(Immigration and Asylum Chamber) Appeal Number: EA/03338/2017
THE IMMIGRATION ACTS
Heard at Field House
Decision & Reasons Promulgated
On 9th November 2018
On 27th November 2018
UPPER TRIBUNAL JUDGE MARTIN
Ms margaret chinyere ezeigbo
(ANONYMITY DIRECTION not made)
THE SECRETARY OF STATE FOR THE HOME DEPARTMENT
For the Appellant: Ms M Malhotra (instructed by Victory Solicitors)
For the Respondent: Ms L Kenny (Senior Home Office Presenting Officer)
DECISION AND REASONS
1. This is an application to the Upper Tribunal, by the Appellant, in relation to a judgment of First-tier Tribunal Judge Hussain who, after a hearing at Hatton Cross on 18th May 2018, by a Decision and Reasons promulgated on 20th June 2018, dismissed the appeal.
2. The appeal was by a Nigerian national who entered the UK in January 2009 as a visitor. She overstayed and when served with a notice that she should leave the UK, applied for a residence card as the durable partner of an EEA national. A residence card was duly issued on 21st July 2011. She then applied for a permanent residence card and it was the refusal of that application which was the subject of the appeal before the First-tier Tribunal.
3. There seems to have been some confusion in that the Secretary of State was under the impression, apparent from the Letter of Refusal, that she and the EEA national were married. They were not; nor were they civil partners.
4. The Judge heard evidence from the Appellant and from one witness (a friend of the Appellant) and found, on the basis of evidence obtained by the Secretary of State from HMRC, that the EEA national had not been exercising Treaty rights as there was no record of him being self-employed or employed between 2010 and 2017.

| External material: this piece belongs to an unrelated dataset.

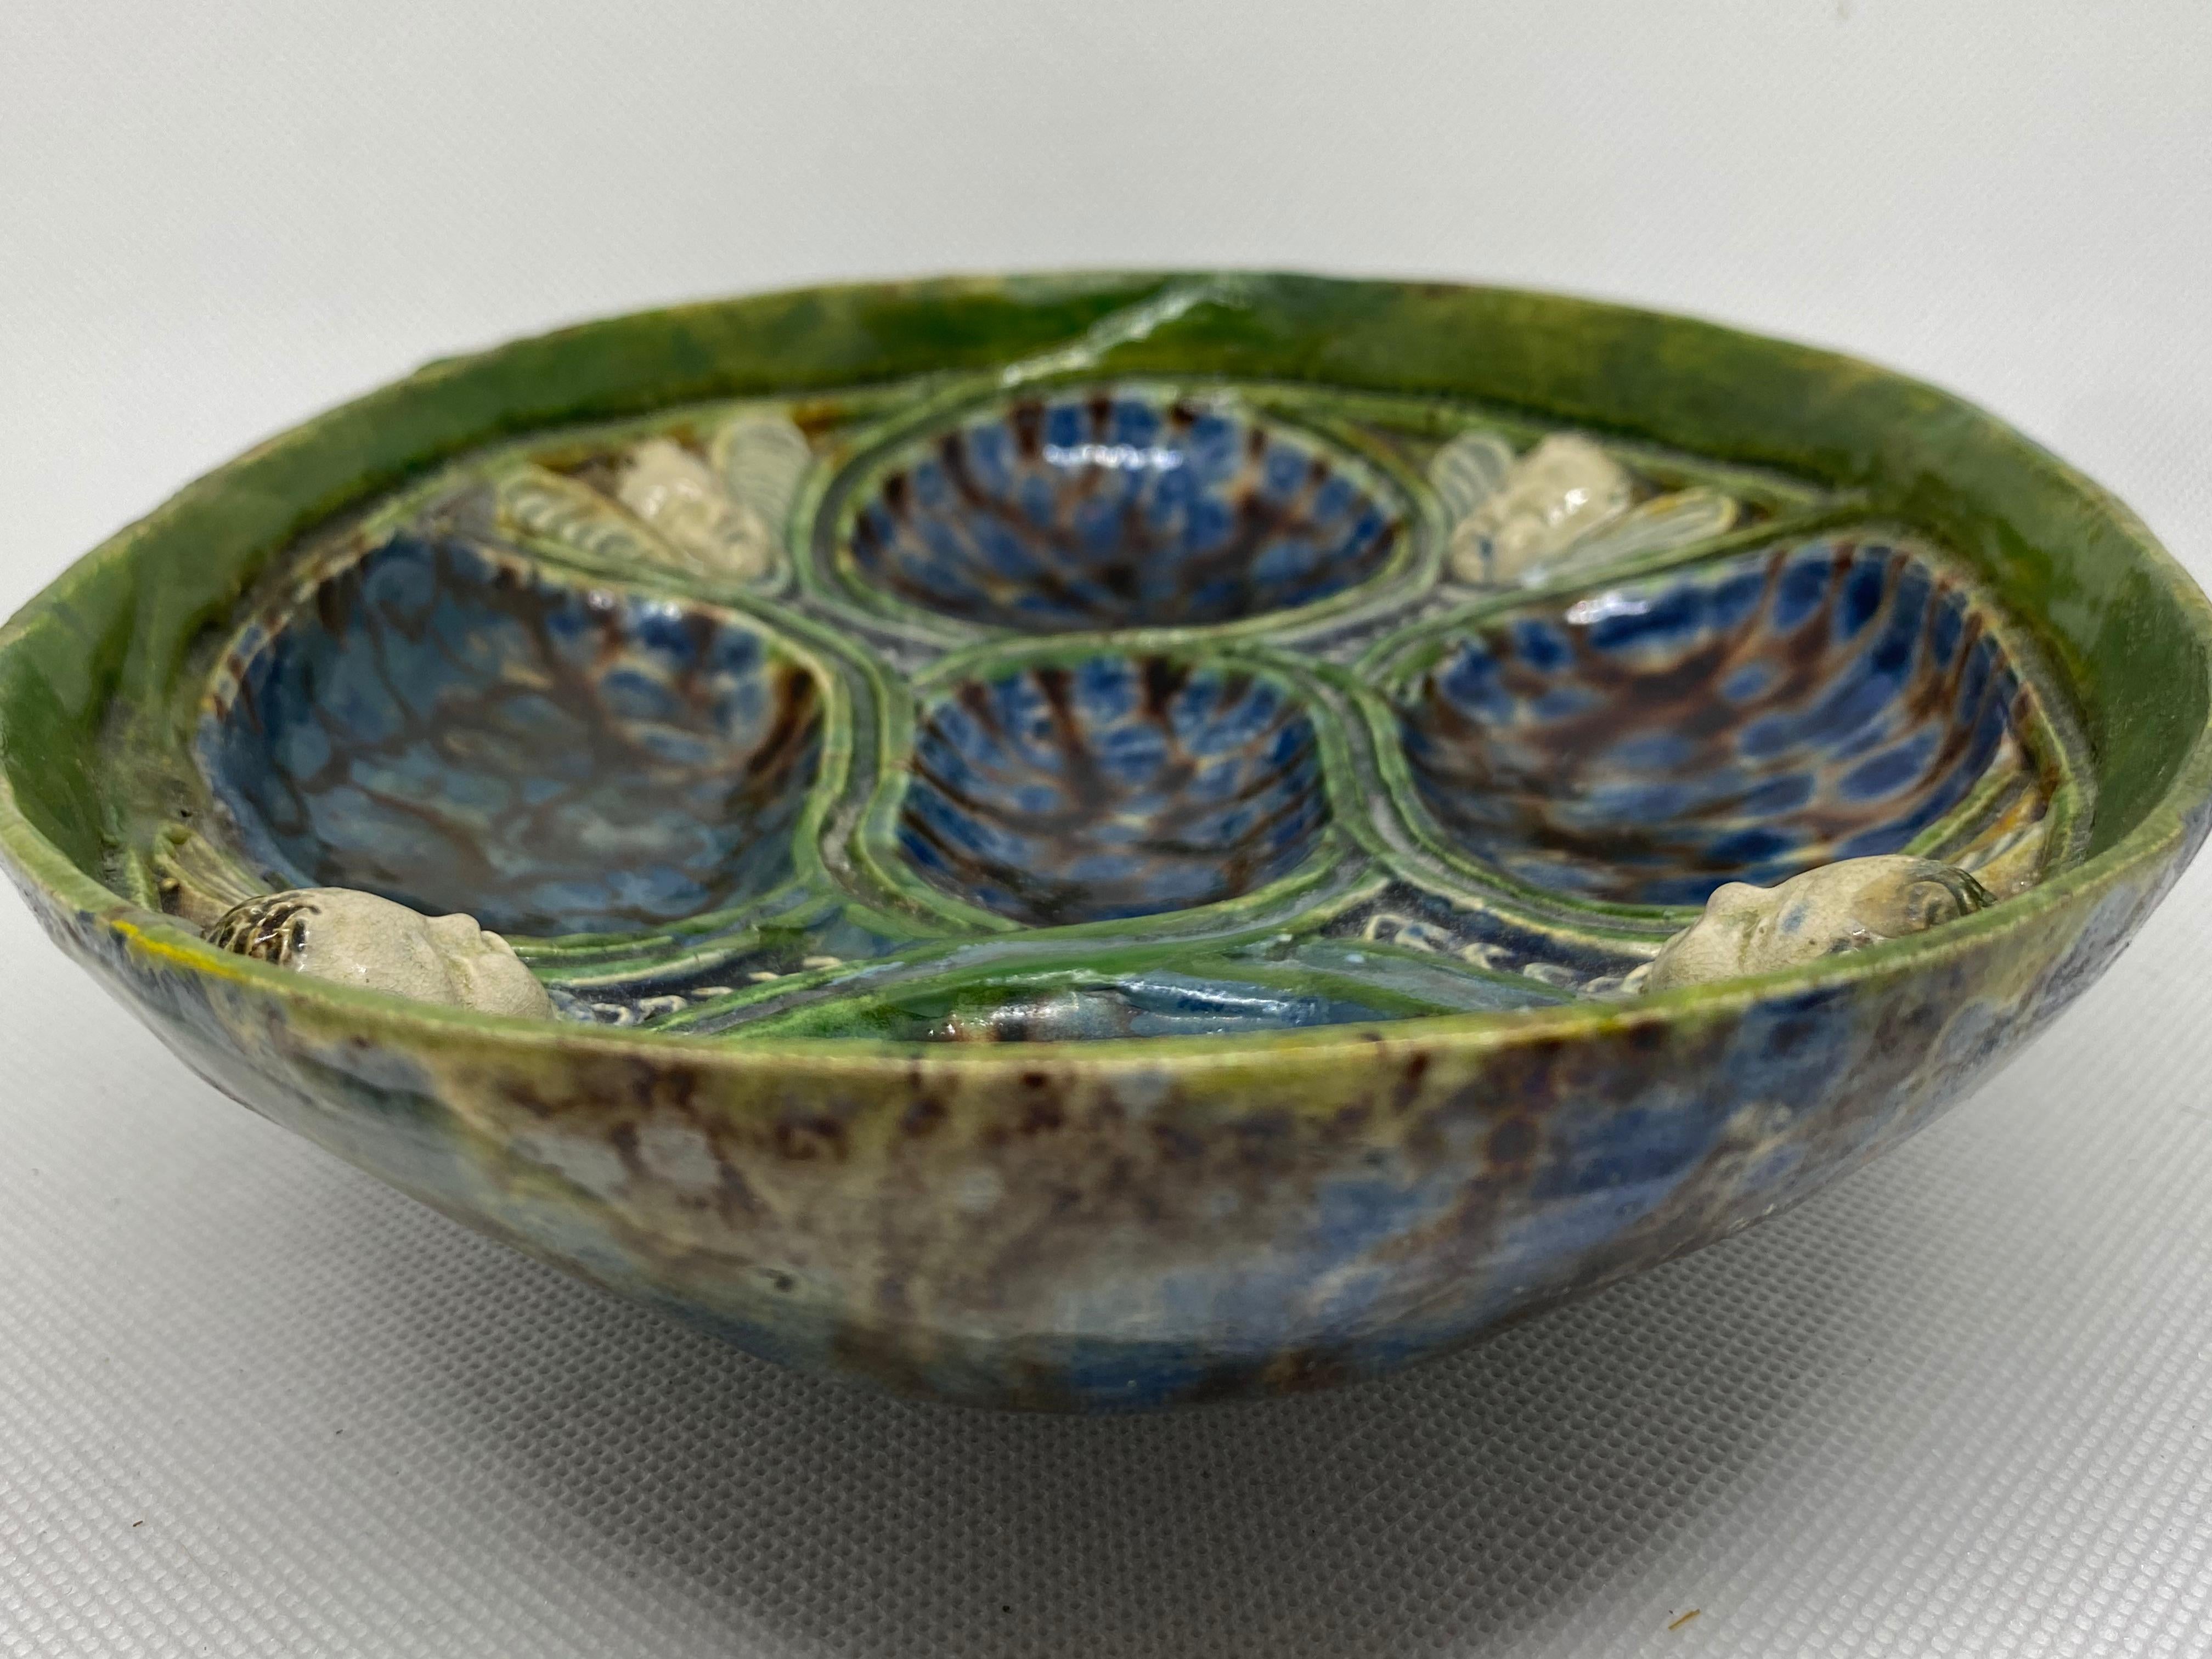 Earthenware Oval Dish with Winged Putti, After Bernard Palissy, French, 17th Century For Sale

5. The Judge referred to a non-molestation order which the Appellant had produced. The Judge clearly misunderstood the purpose of that thinking it had been submitted to establish that the EEA national was in the UK at the relevant time. In fact it was relied upon as an explanation for why the Appellant could not provide financial evidence from her Sponsor; namely because she was afraid of him.
6. The Judge erred in a number of ways. The first was his misunderstanding about the non-molestation order and the second was that he failed to make any findings about the witness's evidence. Whilst the case was not the strongest, the Appellant was entitled to a proper reasoned judgment with findings made on the evidence she adduced. She did not have that and for that reason I set aside the judgment.
7. All the evidence being within the file, I am able to proceed straightaway to redecide the appeal. Both representatives accepted that to be the case. In so doing I note that, as the Appellant is not married to the EEA national, her reliance upon Regulation 10 is ill founded. She is not a spouse or civil partner and therefore cannot claim retained rights of residence.
8. Furthermore, even if she could rely on Regulation 10, she has not shown that the Sponsor was exercising Treaty rights. Whilst there was evidence from a witness, that evidence attracts little weight. It was no more than a bald assertion that the EEA national had said he was working, trading in cars and working for a wine shop. However, that is nowhere near sufficient to outweigh the evidence of HMRC.
9. The evidence relied upon by the Appellant to explain why she could not obtain financial information from the EEA national, namely the ex parte non-molestation order is also inadequate. An ex parte application is obtained by an applicant going to court, without anybody from the other side, and claiming to be at risk from the respondent. At most they get a temporary, short-lived order which has to be served on the respondent and the matter is listed for an inter partes hearing when the matter is finally adjudicated upon. That appears not to have happened in this case and therefore the ex parte order is of little evidential value. It is evidence only that the Appellant went to court and persuaded a Judge, without opposition, that she was in need of protection.
10. For all those reasons the Appellant in this case cannot succeed. She would have to show that she had five years' residence in accordance with the Regulations. She has not done that and therefore the appeal must be dismissed.
11. There was no anonymity direction made in the First-tier Tribunal. I see no justification in making one today.